My first day of stress since the “new” me. Yet another milestone. Let me explain.
Why is it that the going theory among younger (see 20′s & 30′s) music lovers is that once a band gains some semblance of success that band is no longer accepted as “cool”? Case in point, one of my favorite bands, Coldplay.
In 2006 I saw Coldplay live for the first time, in Vancouver. To be honest, I knew that Chris Martin was married to Gwyneth Paltrow, but other than that I couldn’t tell you a single song they sang. I went with Lori and a couple of friends. They pretty much dragged me along. The opening act was Fiona Apple. If your in your late 20′s or early 30′s you might be rumaging through mid to late 90′s memories of a song called “Criminal”. I thought she was pretty out there then, but her opening act that night sealed the deal. This girl was whack. If I had any interest at all in being at the show, that act killed it. As I sat sulking in between acts, I was pretty sure the night wouldn’t get any better. Many times, in the midst of situations and atmospheres that carry a strong spiritual presence, I can sense that presence fairly easy. After Miss Apple’s act I felt a heavyness hanging over the large arena and, at the time, I figured nothing short of a mass destruction of the entire place could lift what I was feeling. Then it happened. It was as if a bomb had gone off and immediately cleansed the lingering atmosphere. It wasn’t a fire alarm clearing the arena or a “prayer” being offered by yours truly, but a sound. A sound that swept through the air amidst the roars of the screaming crowd. It was “Square One”. I didn’t know the song and I didn’t know the band, but I knew the sound. It was cleansing and pure. It might seem that I am being overly dramatic about the whole event, but it was a turning point for me. That night initiated my journey to discover God in some of the most unlikely places.
In 2006, although I was late to the party, it was still perfectly socially acceptable to not only enjoy Coldplay, but to place their bumper sticker over the E-machine logo on the back of your laptop. Not today. It’s there notority that sank them. Shame on you Coldplay for fulfilling your dreams. We won’t stand for it.

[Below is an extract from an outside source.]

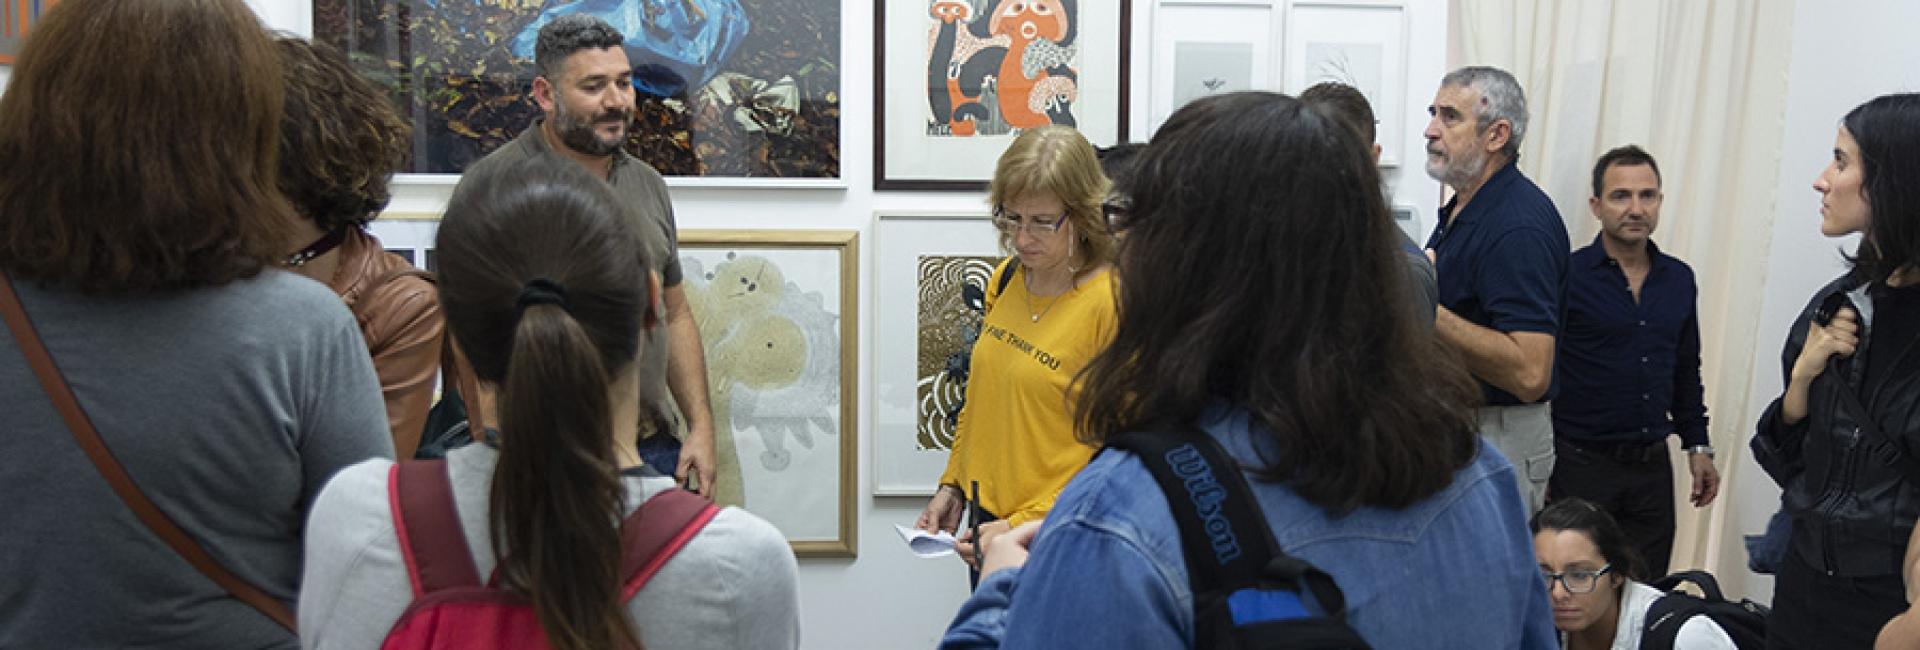 GIRO Circuito de Galerías de Arte |  3º edición  - Galeria Diego Obligado

Why do we find it so difficult to watch people fulfill their dreams? Is it that we ourselves feel so void of satisfaction pertaining to our own dreams, that we tend to only stand with people that seem to be on the same pitstop of their dream journey as us? Maybe since the first time we were cut from the basketball team in middle-school, we’ve figured it’s better to just not dream at all. Hey, disappointment can never come to somone who never hopes. Seems to me like a terrible life to live. I’m a card carrying dreamer. The lifestyle has its pros and cons for sure, but a life void of believing for something that you’ve yet to see is a life I don’t want to live.
At times, dreaming causes stress. Not in the actual moment that your dreaming, but in the day to day tasks it takes to accomplish your dreams. So, my milestone. Today was the first stressful day in quite some time. I think I’m learning how to balance the now with the yet-to-be.
And now, my inspiration for today. much love





hm. the past few days i’ve been feeling this heaviness in my heart– it was like i was missing something, or even just frustrated…this time in my life i feel like i’m encountering more or less the drudgery parts of living the dream. dreading to wake up to simply do the routine of every day life once again knowing that the dream is burning so deep within and that you were created for more than the 9-5. it’s been a struggle at times to keep the faith and to not subject myself to believe that this is “all” my life has become.
there’s quite a liberation when people realize they have the right to dream, that they were created to dream…and dream BIG. although the journey isn’t always pretty and can be rough at times, and even hurt, dreamers cling onto HOPE with such tenacity…they refuse to believe anything less than that. to dream is to fully come alive. God is the ultimate dreamer/dream-maker.
this entry just confirms so much in my heart. thanks ck!
ur bringing more tears to my soul – so well put. My son is musical and i have let him choose his own – obviously he hears what i play and much is not ‘traditional’ he has recognised the spirit in music and others and he is 15.
Nelson Mandella shared the same sentiments i believe , correct me if I am wrong, regarding people and their inability to let people become their dream. This is God given, the who of I am, living in the present fully alive and complete. Oh for the process to be finished….the utopian dream…..but Jesus had another way of what it means to be I am.